The magnitude of the energy difference between the two levels is called Ephoton.
The data for the equation is ni and nf.
The color of the line is determined by the energy difference between C/E and the number of hydrogen atoms.
The greater the number of atoms, the greater the intensity of the transition.
The energy change for the atom is negative because of the transition that occurs.
Students forget to use the absolute value of C/E when calculating a negative frequency.
Negative values for n or l are not appropriate because frequencies and wavelength are positive quantities.
Determine the wavelength of light absorbed by an electron transition in a hydrogen atom.
Refer to Figure 8-13 to determine which transition produces the longest wavelength line in the hydrogen spectrum.
A spectrum of emission is obtained when individual atoms in a collection of atoms are excited to different states of the atom.
The atoms relax to states of lower energy by emitting light waves.
In Figure 8-14(b), we show an alternative method in which we pass white light through a sample of atoms in their ground states and then pass the emerging light through a prism.
Figure 8-14 can help us understand how the light is absorbed by the atom.
In the case of emission, we have the numbers Ei and hn.
We have the numbers Ei + hn and hn - Ei for the Absorp tion.
The same information about the quantized energy levels of a system can be obtained by either emission or absorption spectroscopy.
Other considerations influence the choice of which technique to use.
If the sample has a relatively small number of atoms, emission spectroscopy might be the best technique.
If sensitivity isn't an issue, absorption spectroscopy might be the best technique.
The absorption spectrum is less complicated than the emission spectrum.
An excited sample will contain atoms in a variety of states, each being able to drop down to any of several lower states.
An absorbing sample is cool and transitions can only be done from the ground state.
In absorption from cold hydrogen atoms, the Balmer series is not seen.
The energy of a photon absorbed by a hydrogen atom is just enough to remove the electron from the n level.
The energy of the free electron is zero and the atom is ionized.

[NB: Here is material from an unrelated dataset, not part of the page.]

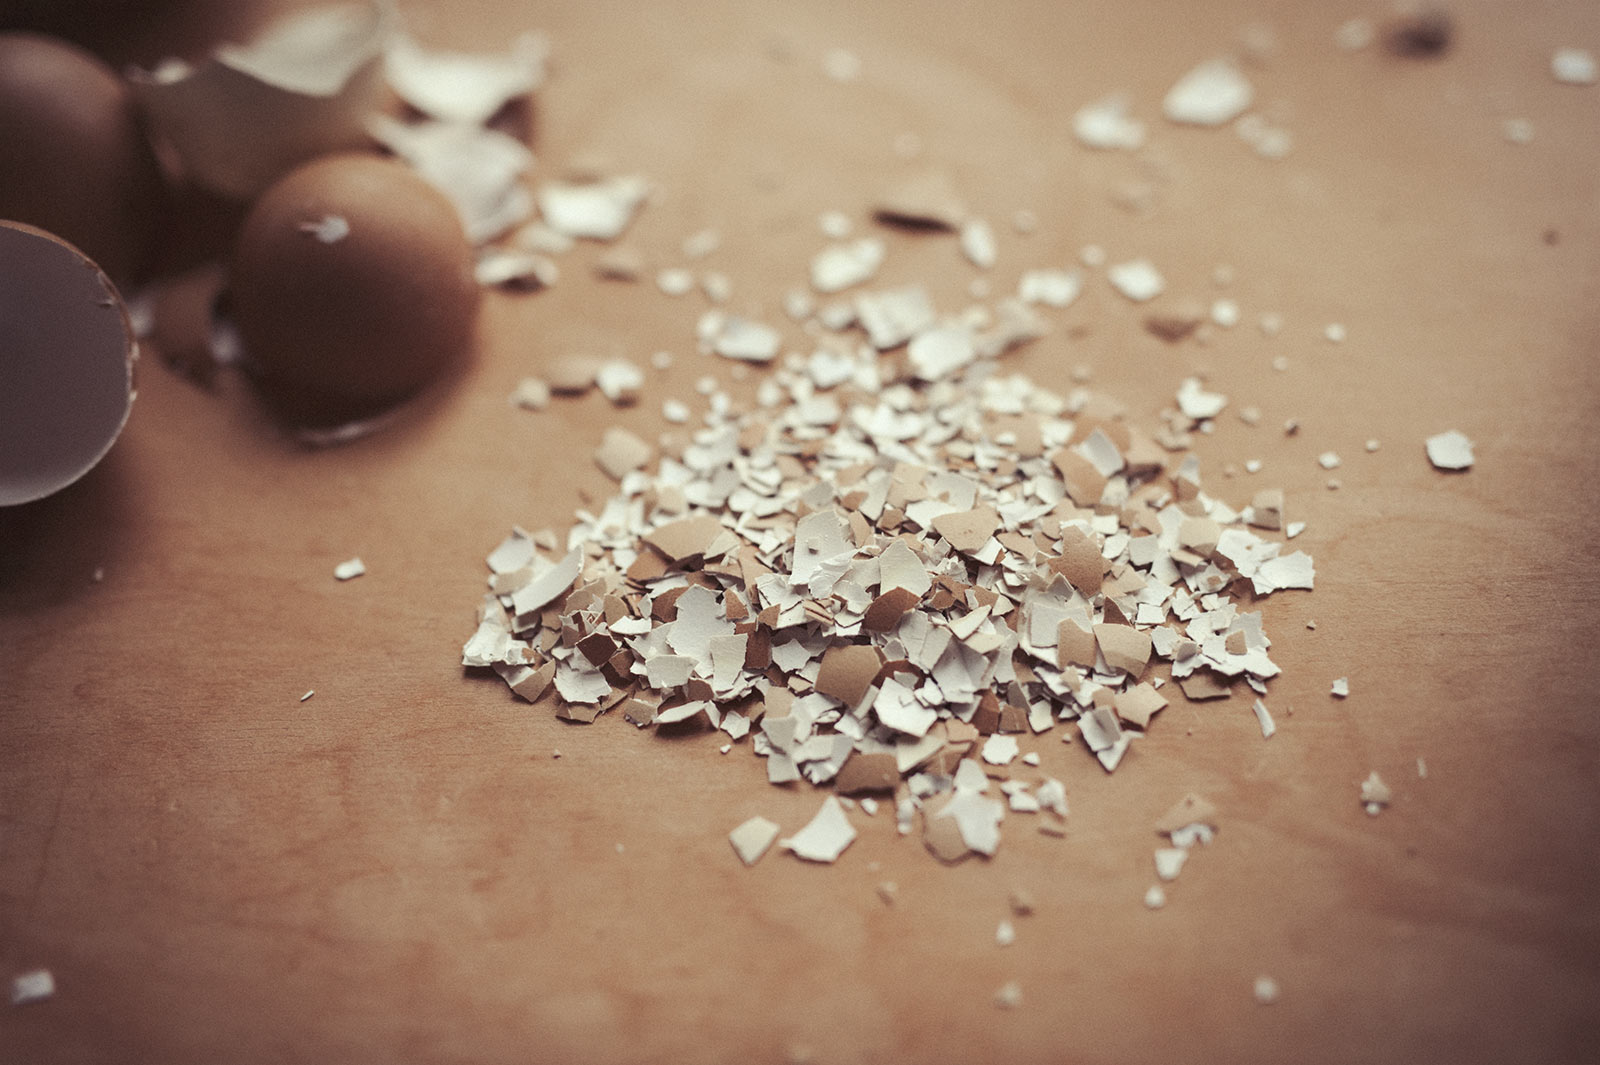 Crushed egg shells are displayed next to intact egg shells
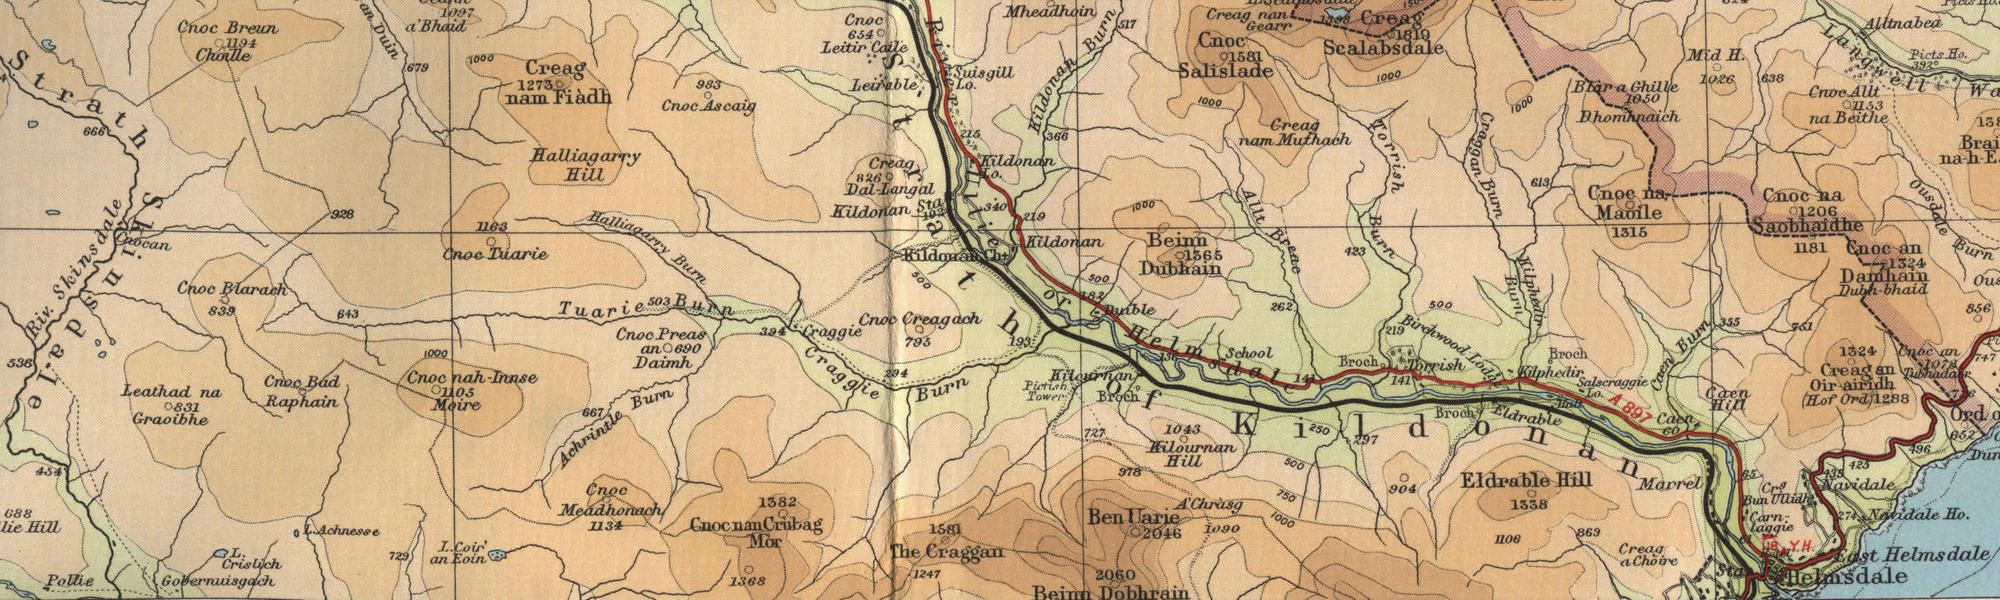 River Helmsdale Map

The energy is dependent on the magnitude of the charges and the separation between them.
The energy of the electron ionized from a Li2+ ion in its ground state can be determined using a photon.
The electron has a different energy than the other one.
Determine the wavelength of light emitted in an electron transition from n to n.
The transition for an unknown hydrogen-like ion is 16 times more frequent than the hydrogen atom.
In the previous section, we pointed out that interpretation of atomic line spectrum was a difficult problem for classical physics and that Bohr had some success in explaining the emission spectrum for the hydrogen atom.
He was unable to explain the features of the hydrogen emission spectrum because his model was not correct.
A decade or so after Bohr's work on hydrogen, two landmark ideas stimulated a new approach to quantum mechanics.
The new quantum mechanics are considered in the next section.
Einstein suggested that light has particle-like properties, which are displayed through photons.
The wave theory of light is the best way to understand dispersion of light into a spectrum by a prism.
He was particles of matter.
He was reluctant to commit to a physical interpre velocity of meters per second, even though he had no doubt about the mass and reality of the phase wave.
He units of mass, length and length preferred to let his work stand as a formal scheme whose physical con time, which is why he left his definition of the phase wave vague in the concluding sentences of his thesis.
beams of particles, such as units kg m2 s-2 are possible if matter waves exist for small particles.
The interference pattern is observed if the distance between the objects that the waves scatter from is the same as the wavelength of the radiation.
X-rays have a wavelength of 1 A (100 pm) and are highly energetic.
The Diffraction of X-rays by metal foil demonstrated the wave properties of electrons.